The Alabama Crimson Tide softball team represents the University of Alabama in NCAA Division I college softball.  The team participates in the Western Division of the Southeastern Conference (SEC). It is currently led by head coach Patrick Murphy and assistant coaches Alyson Habetz and Stephanie VanBrakle. The team plays its home games at the Rhoads Stadium located on the university's campus.  The Alabama Crimson Tide softball team won its first National Championship in 2012, after they defeated the Oklahoma Sooners in the championship series of the Women's College World Series.

History
On September 28, 1995, Alabama athletics director Glen Tuckett announced the school would sponsor a softball program to begin play in the 1997 season. At the time of its addition, softball became both the 20th varsity sport overall and 11th women's sport sponsored at Alabama. On January 3, 1996, Kalum Haack was hired from Kansas to serve as the first head coach for the team. The next spring, Haack recruited his first class for the inaugural 1997 team. On February 15, 1997, Alabama defeated Tulsa 5–2 in their first all-time game at ASA Hall of Fame Stadium in Oklahoma City. Two weeks later, the Crimson Tide won their first all-time home game in their home opener at Sokol Park against Delta State 4–3.

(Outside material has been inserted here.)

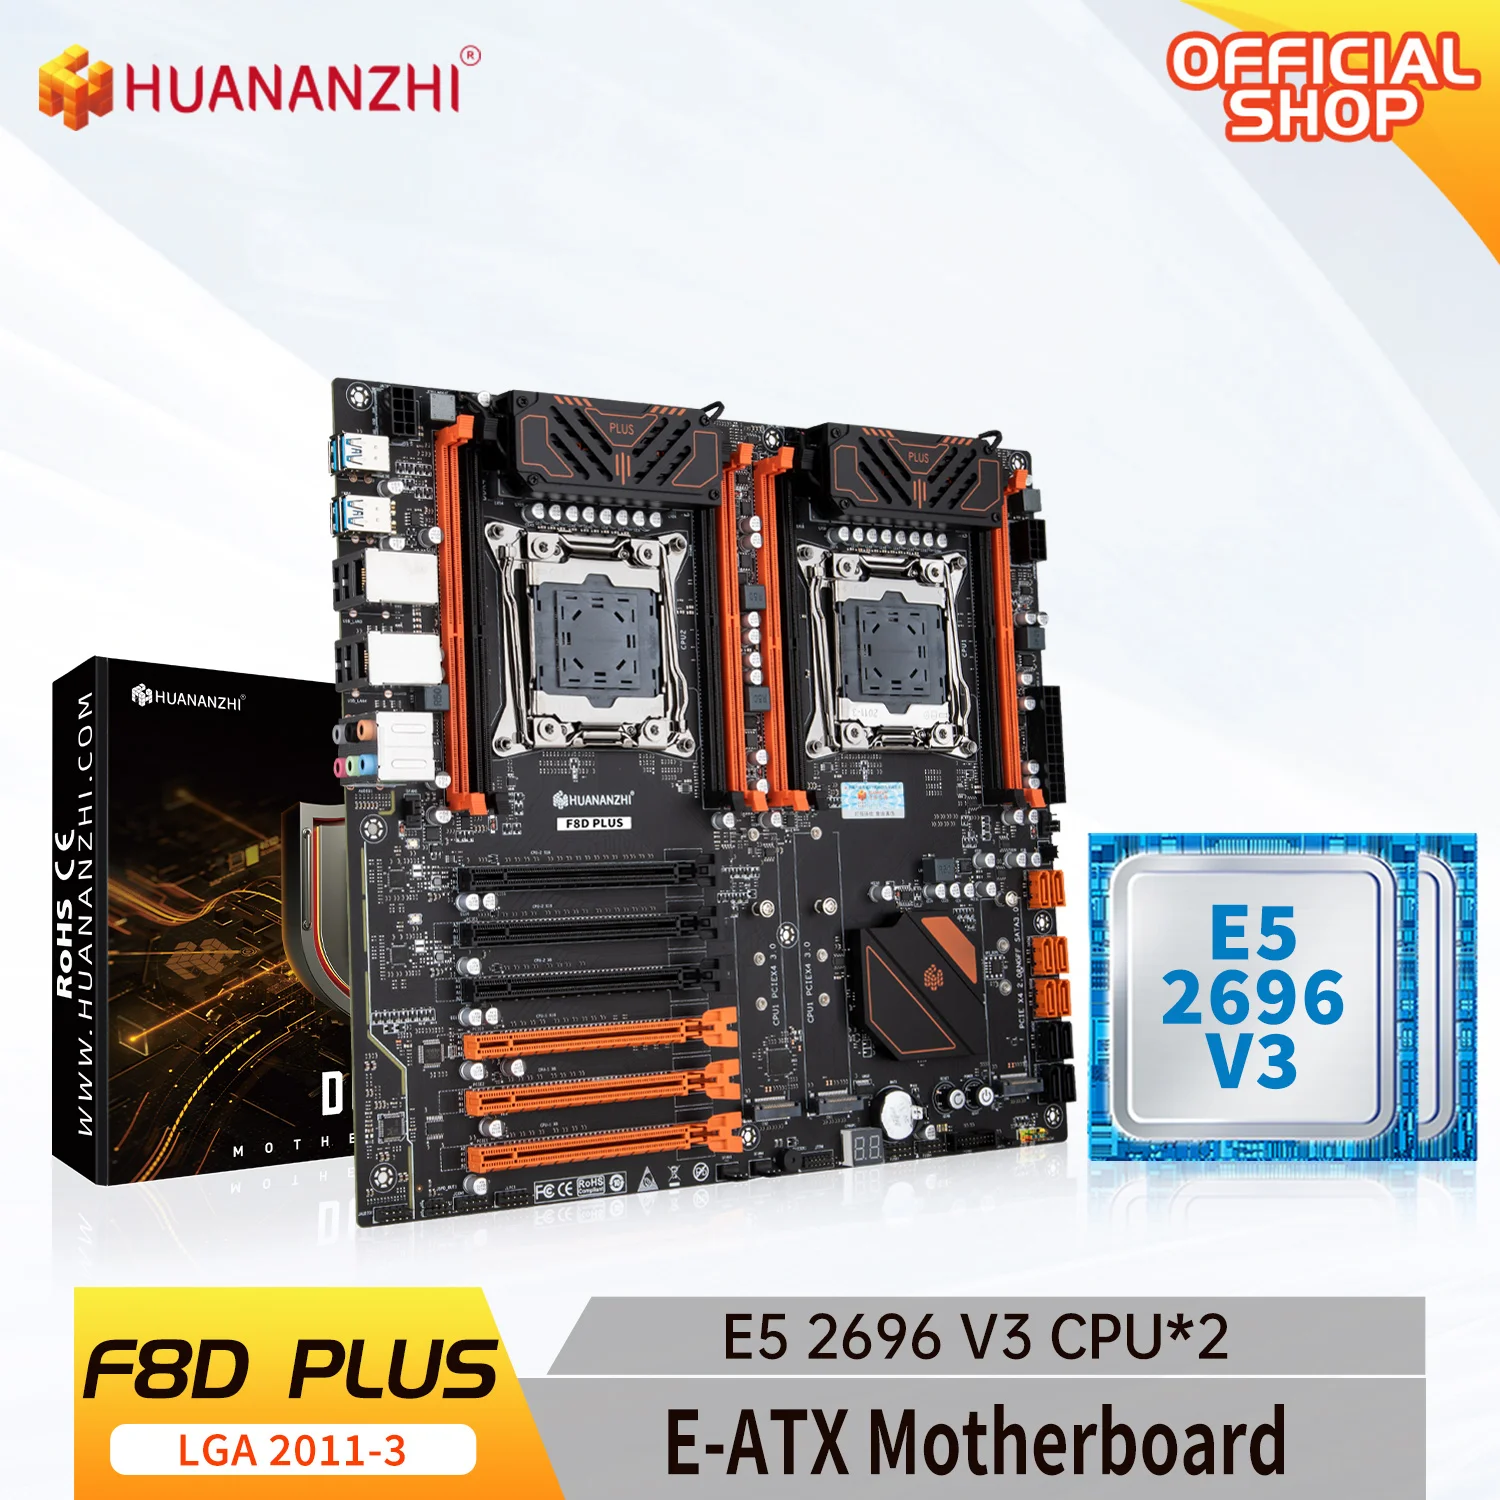 

HUANANZHI X99 F8D PLUS LGA 2011-3 XEON X99 Motherboard with Intel E5 2696 V3 *2 combo kit set support DDR4 RECC NON-ECC

After he led the Crimson Tide in their inaugural season and to their first SEC championship in their second season, on June 30, 1998, Haack resigned as head coach. He cited personal reasons for his resignation. During his two-year stint as head coach, Haack compiled an overall record of 78 wins and 47 losses (78–47). A week later on July 9, Alabama assistant coach Patrick Murphy was promoted to the Crimson Tide's head coach position.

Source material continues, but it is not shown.